Forgiveness is one means by which God opens the flood gate of His goodness. In that light, we defined forgiveness as a transaction, at least between the forgiver and God, and often the other person. The forgiver promises God, self, and the other person not to hold the offense against the offender. The forgiver goes on record promising and declaring not to let the sin harm the relationship. This is heavy theology. Sin may be grievous and reconciliation messy! It takes biblical wisdom and grace to correctly apply these general principles.

Forgiveness of one believer to another believer is to be modeled after God’s forgiveness – I will remember your sins no more (Psalm 51:1, 9; 103:12; Jeremiah 31:31-34; Isaiah 38:17; 43:25; 44:22; Micah 7:19; Acts 3:19).  This is not legal fiction. Because God has placed the believer’s sin debt on Christ (2 Corinthians 5:21 – Isaiah 53:6, 9), there is no condemnation for the believer as he is in Christ (Romans 8:1).

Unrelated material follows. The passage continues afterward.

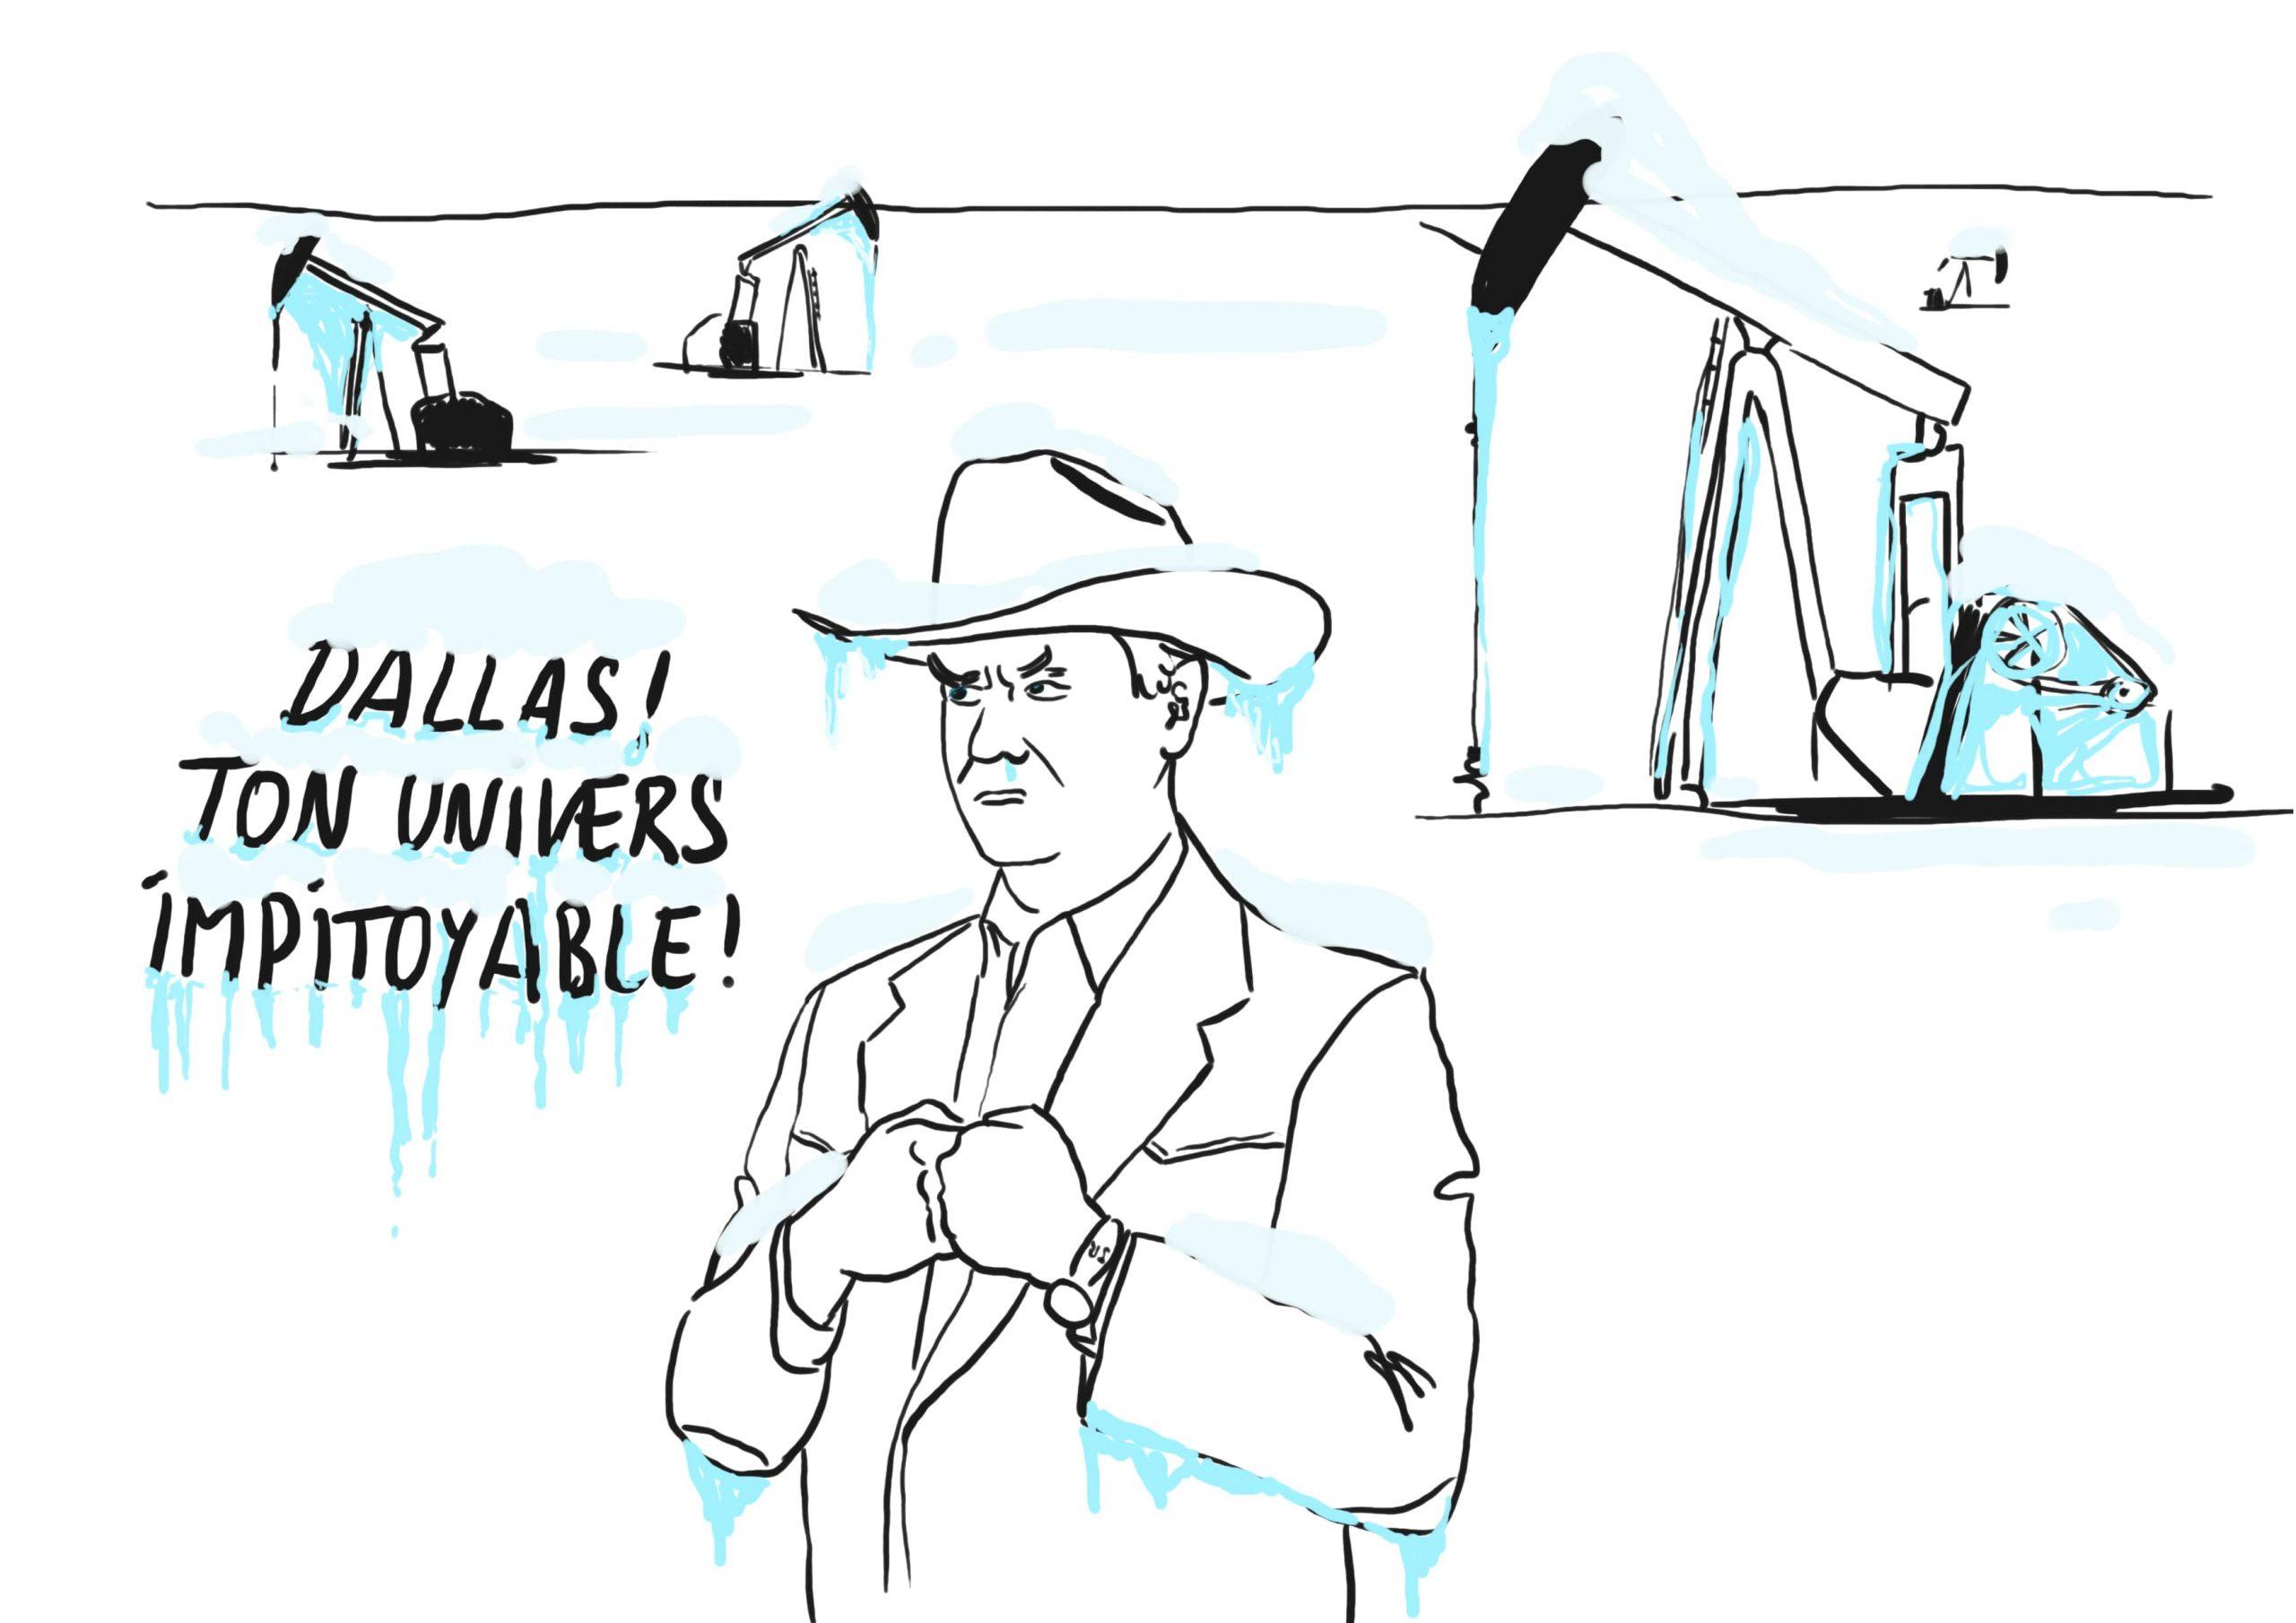 Pétrole : la vague de froid au Texas gèle les puits, pas le prix du baril

Therefore as forgiven people, believers are to think and act forgiven (Romans 6:11). The believer will be ready to grant forgiveness AND he will grant it as is appropriate. I discuss the aspects of forgiving another in later blogs.

Previously, I discussed various categories of forgiveness including Judicial, Paternal, Familial, and Non-familial Forgiveness. The believer always is to stand ready to forgive. It is Christ-like to forgive (Ephesians 4:31-32; Colossians 3:12-14). It is also Christ-like to be ready to forgive (Luke 23:34; Acts 7:60; 2 Timothy 4:16).

A forgiving attitude and the granting of forgiveness are to be directed from one believer to another believer (Matthew 6:12, 14-15; Mark 11:25). What motivation does God give for functioning as a forgiving person? God answers the question in Matthew 18:21-35 and Luke 7:36-50. The believer is a forgiven person! Those passages highlight forgiveness: man’s greatest need.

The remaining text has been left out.